Intramuscular injections of botulinum toxin type A (BoNT/A) improve abnormal head position of CD in up to 70% of the patients (11, 12), and have become treatment of choice for CD (13). Nowadays, only a small percentage of <20% of mildly affected CD-patients stays without BoNT treatment over a longer period of time (14, 15). Interestingly, in spite of the large extent of improvement due to BoNT injections most CD-patients combine BoNT therapy with additional therapies ranging from standard physiotherapy to acupuncture, hypnosis, meditation, bio resonance therapy, to yoga, prayer, and other religious practices (15). The percentage of patients using more than 10 therapies in parallel did not differ between patients receiving BoNT injections (66.7%) and those who did not (64.4%) (15). Obviously, CD-patients are not completely satisfied with their BoNT therapy (14, 16) and discontinue BoNT therapy in a fairly large percentage ranging between 30% (17) up to 46% (18) [for details and an overview see (19)]. The reasons for discontinuation of BoNT therapy are only partly understood (19).

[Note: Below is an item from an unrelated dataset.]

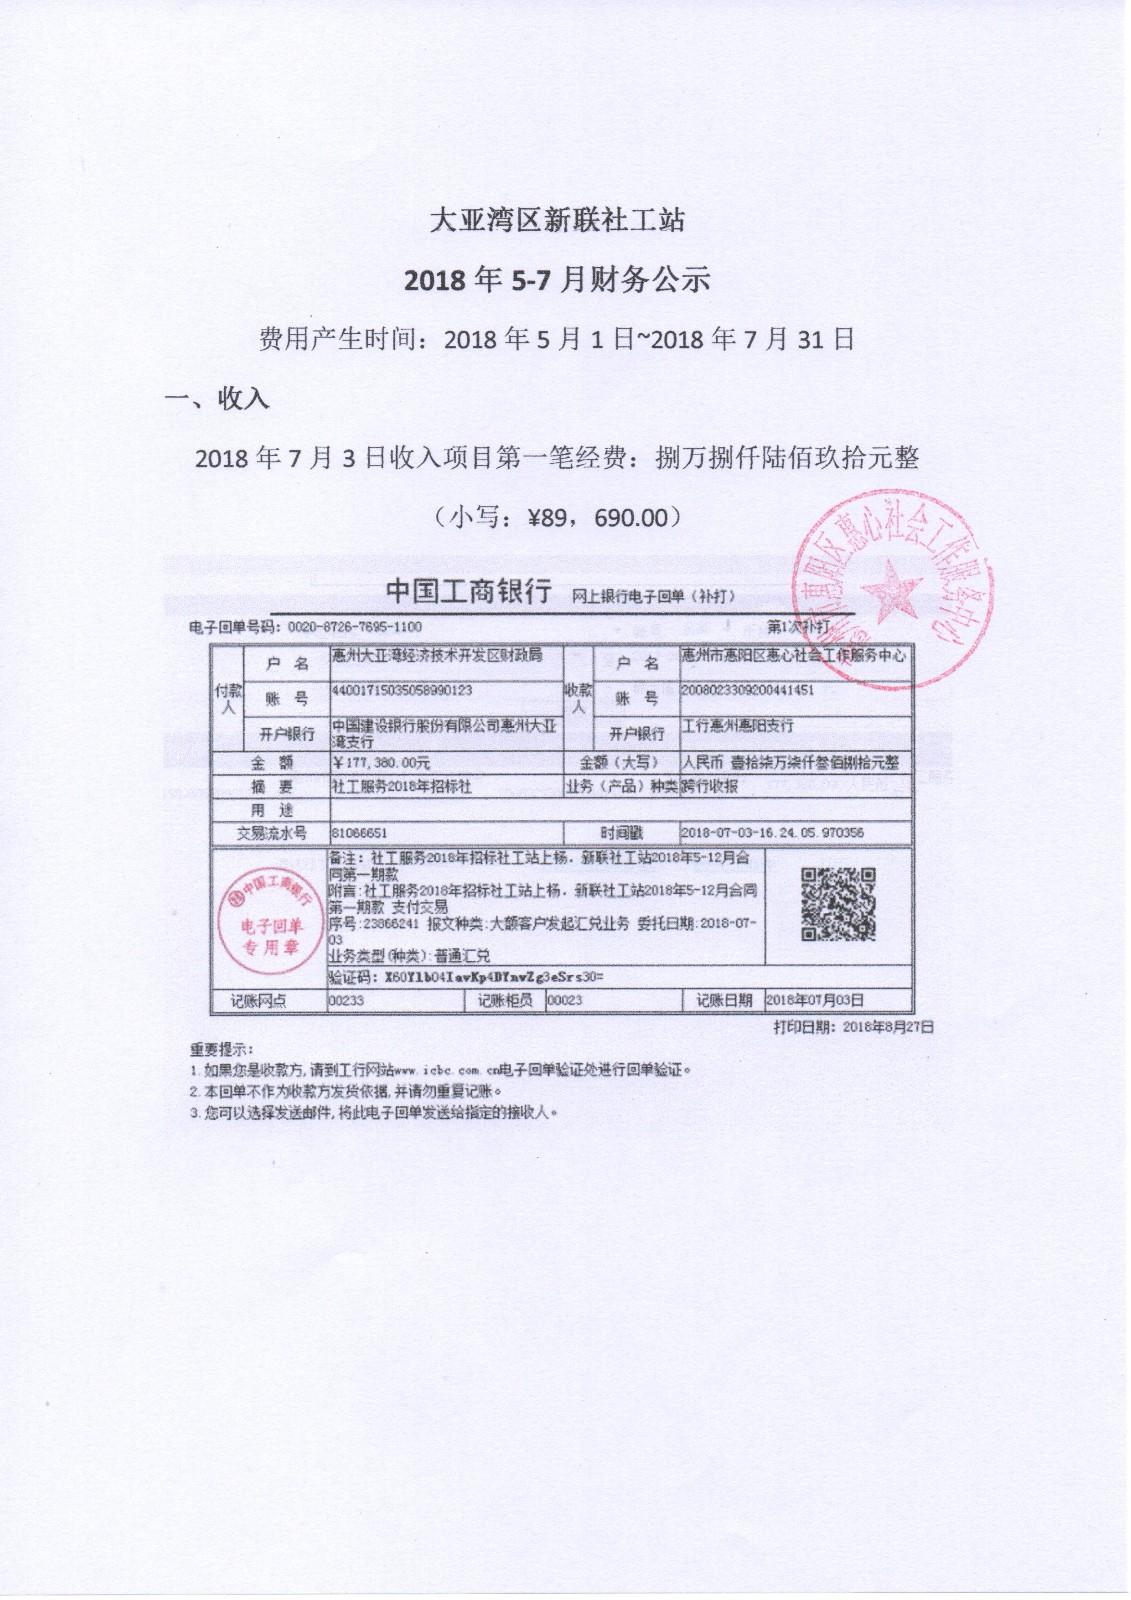 新联社工站2018年5月-7月财务公示|公告栏-网赌ag作弊器|官网

The development of a more complex pattern of CD during the course of BoNT treatment in at least 17% of the patients may be a possible reason for dissatisfaction and cessation of therapy. When 78 patients were split up into a “good” effect (n = 52) and an “unsatisfactory” effect (n = 26) subgroup the proportion of patients who changed to more complex patterns was significantly higher in the “unsatisfactory” compared to the “good” effect group (14).
Little is known about the natural history of CD without BoNT intervention. Most information comes from the pre-BoNT aera. Spontaneous remissions seem to be rare (3–10%) and usually occur during the first 3–5 years after first onset symptoms (20, 21). In the following years symptoms seem to fluctuate, three different phases of the spontaneous course of CD have been described by neurosurgeons (22). Deterioration is observed during the first 5 years, stable condition during the next 5 years and possible improvement thereafter (22). Furthermore, development from focal to multifocal or segmental dystonia in up to 30% of CD-patients has been reported (21, 23), but generalization is a red flag for symptomatic dystonia (24).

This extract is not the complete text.